▶ _Exercise objective_
Each record must appear in the answer exactly as given.

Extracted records
****
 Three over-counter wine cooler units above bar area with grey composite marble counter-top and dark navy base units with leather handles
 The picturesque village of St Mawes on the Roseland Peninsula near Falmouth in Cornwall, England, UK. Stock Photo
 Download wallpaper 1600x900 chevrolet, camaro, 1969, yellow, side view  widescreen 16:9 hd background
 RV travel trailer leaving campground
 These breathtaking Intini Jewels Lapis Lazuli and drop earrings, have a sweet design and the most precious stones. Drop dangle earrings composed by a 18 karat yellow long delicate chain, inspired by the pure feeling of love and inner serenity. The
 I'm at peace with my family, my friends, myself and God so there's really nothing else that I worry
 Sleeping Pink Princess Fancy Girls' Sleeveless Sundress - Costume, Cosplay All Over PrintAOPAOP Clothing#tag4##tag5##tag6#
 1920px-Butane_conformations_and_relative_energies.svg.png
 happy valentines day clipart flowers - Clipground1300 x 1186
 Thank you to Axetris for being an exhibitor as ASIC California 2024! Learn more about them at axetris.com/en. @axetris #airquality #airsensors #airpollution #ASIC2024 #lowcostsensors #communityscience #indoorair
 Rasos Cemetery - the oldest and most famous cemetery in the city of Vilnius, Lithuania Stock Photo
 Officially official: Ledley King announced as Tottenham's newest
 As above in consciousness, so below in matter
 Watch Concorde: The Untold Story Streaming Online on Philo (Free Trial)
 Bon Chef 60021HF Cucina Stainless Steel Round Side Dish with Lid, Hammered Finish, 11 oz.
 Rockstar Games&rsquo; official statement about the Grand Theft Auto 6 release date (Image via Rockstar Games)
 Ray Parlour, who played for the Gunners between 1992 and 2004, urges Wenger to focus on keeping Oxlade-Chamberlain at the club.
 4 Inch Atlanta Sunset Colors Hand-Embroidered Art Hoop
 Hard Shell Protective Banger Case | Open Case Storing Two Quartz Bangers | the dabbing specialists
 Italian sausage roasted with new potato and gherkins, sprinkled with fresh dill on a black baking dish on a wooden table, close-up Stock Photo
****
▶ _Result of this task_
 Three over-counter wine cooler units above bar area with grey composite marble counter-top and dark navy base units with leather handles
 The picturesque village of St Mawes on the Roseland Peninsula near Falmouth in Cornwall, England, UK. Stock Photo
 Download wallpaper 1600x900 chevrolet, camaro, 1969, yellow, side view  widescreen 16:9 hd background
 RV travel trailer leaving campground
 These breathtaking Intini Jewels Lapis Lazuli and drop earrings, have a sweet design and the most precious stones. Drop dangle earrings composed by a 18 karat yellow long delicate chain, inspired by the pure feeling of love and inner serenity. The
 I'm at peace with my family, my friends, myself and God so there's really nothing else that I worry
 Sleeping Pink Princess Fancy Girls' Sleeveless Sundress - Costume, Cosplay All Over PrintAOPAOP Clothing#tag4##tag5##tag6#
 1920px-Butane_conformations_and_relative_energies.svg.png
 happy valentines day clipart flowers - Clipground1300 x 1186
 Thank you to Axetris for being an exhibitor as ASIC California 2024! Learn more about them at axetris.com/en. @axetris #airquality #airsensors #airpollution #ASIC2024 #lowcostsensors #communityscience #indoorair
 Rasos Cemetery - the oldest and most famous cemetery in the city of Vilnius, Lithuania Stock Photo
 Officially official: Ledley King announced as Tottenham's newest
 As above in consciousness, so below in matter
 Watch Concorde: The Untold Story Streaming Online on Philo (Free Trial)
 Bon Chef 60021HF Cucina Stainless Steel Round Side Dish with Lid, Hammered Finish, 11 oz.
 Rockstar Games&rsquo; official statement about the Grand Theft Auto 6 release date (Image via Rockstar Games)
 Ray Parlour, who played for the Gunners between 1992 and 2004, urges Wenger to focus on keeping Oxlade-Chamberlain at the club.
 4 Inch Atlanta Sunset Colors Hand-Embroidered Art Hoop
 Hard Shell Protective Banger Case | Open Case Storing Two Quartz Bangers | the dabbing specialists
 Italian sausage roasted with new potato and gherkins, sprinkled with fresh dill on a black baking dish on a wooden table, close-up Stock Photo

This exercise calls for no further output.